В связи с этим различием также можно заметить, что амбивалентные результаты происходящих в последнее время сетевых интернет-кампаний – таких как флешмобы в виде массовых камнинг-аутов, #metoo и т. п. – связаны не с преимущественно применяемыми для их анализа категориями «консервативного» и «либерального» или же столкновений по поводу травматичной подвижности границы «частного» и «общественного», а с практически не замечаемой работой различающихся логик отношения attitude и публичности к акту высказывания. Исповедь субъекта, озвучившего скрываемое им ранее совершенное над ним насилие, «неудачна» не потому, что ему не стоило «выносить из избы сор», оглашая произошедшее, а поскольку сегодня не существует режима, который оставлял бы для субъекта иной выход, нежели публикацию в качестве прецедента новой этической прозрачности, или же обращения в учреждения охраны порядка, куда, как часто указывают недобро настроенные комментаторы, следовало бы эти истории нести, и где они получили бы соответствующее правовое разрешение (которого, как справедливо замечают сторонники опубличивания, в реальности добиться трудно).

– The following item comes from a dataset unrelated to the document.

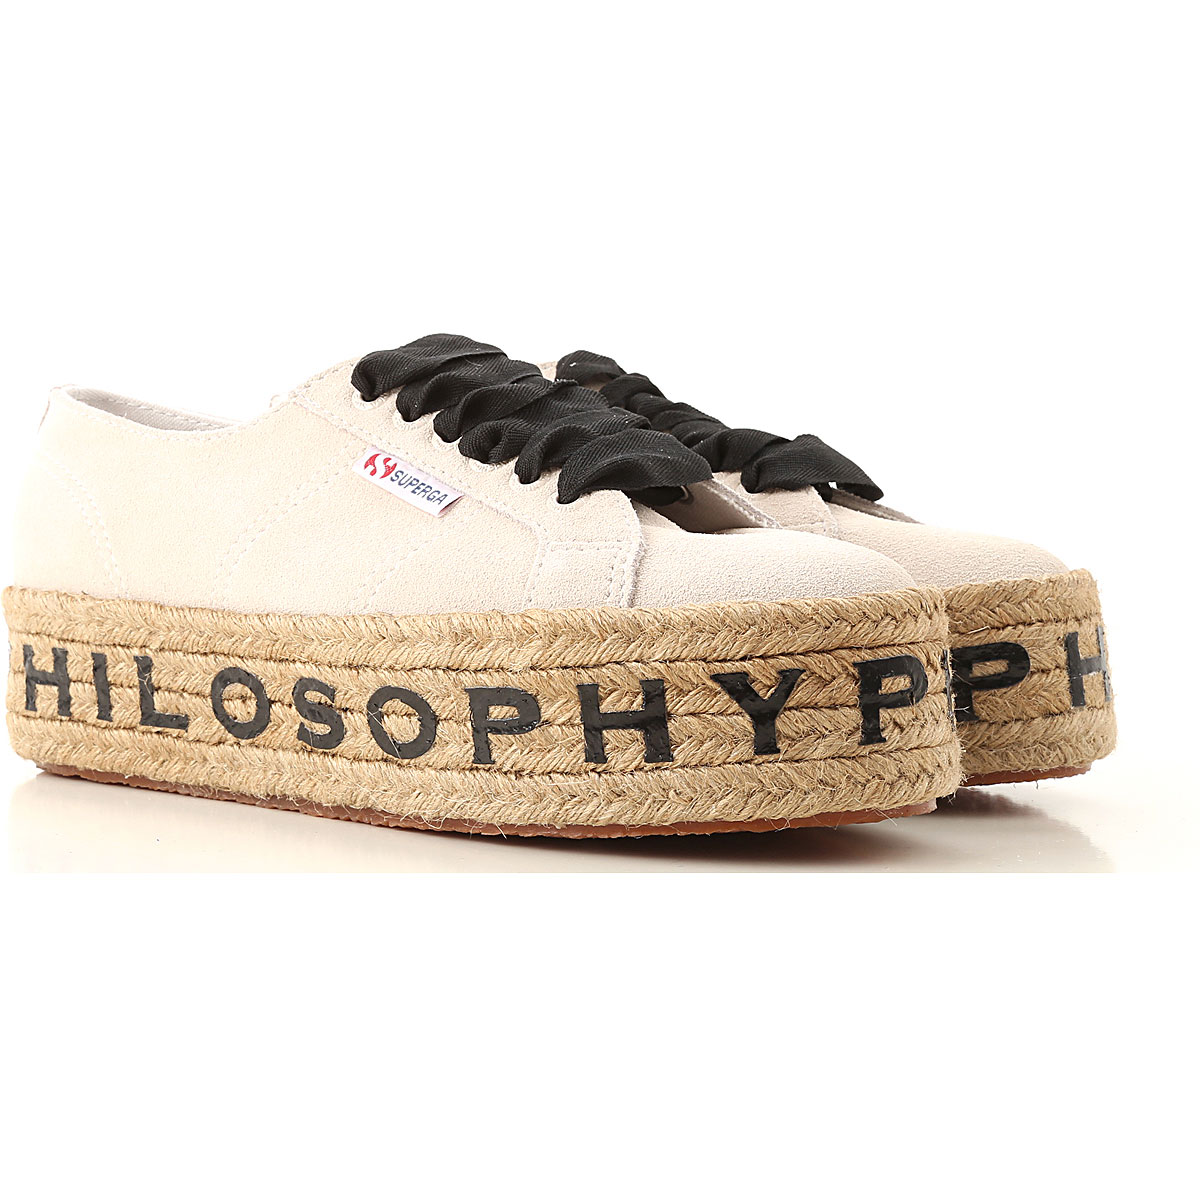 Philosophy di Lorenzo Serafini Sneaker Femme, Crème, Daim, 2017, 36 37 38 39 40 41

Невозможно сообщить о произошедшем так, чтобы не натолкнуться, с одной стороны, на оскорбительное недоверие органов правопорядка, а с другой – на провоцирование «дурных страстей» в публичном режиме, которые остаются с философско-этической точки зрения «дурными» даже в еще большей степени тогда, когда публика солидарно выражает искреннее возмущение произошедшим и адресует сочувствие жертве. Неудивительно, что в этой ситуации многие пострадавшие предпочитают психотерапевта, вероятно, ожидая от него даже не столько пользы, сколько удовлетворения потребности жертвы получить нечто близкое реакции носителя светского этикета, сочетающего бесстрастность и дружескую расположенность, доносимую при этом скорее самой позицией, нежели открытым проявлением сочувствия и симпатии[41].

Отличие этого типа проявлений от тех, носителем, а впоследствии вдохновляющим учредителем которых выступал сам Руссо, последний прекрасно осознавал, на что указывает следующее замечание, посвященное его пребыванию под сенью четы герцогов Люксембургских:

«Я никогда не умел держаться середины в своих привязанностях и просто выполнять требования общества. Я всегда был либо всем, либо ничем; вскоре я стал всем. Видя, что меня чествуют, балуют особы столь значительные, я переступил границу и воспылал к ним такой дружбой, какую позволительно иметь только к равным. В свое обращение я внес всю свойственную ей непринужденность, тогда как они никогда не расставались со своей обычной вежливостью»[42].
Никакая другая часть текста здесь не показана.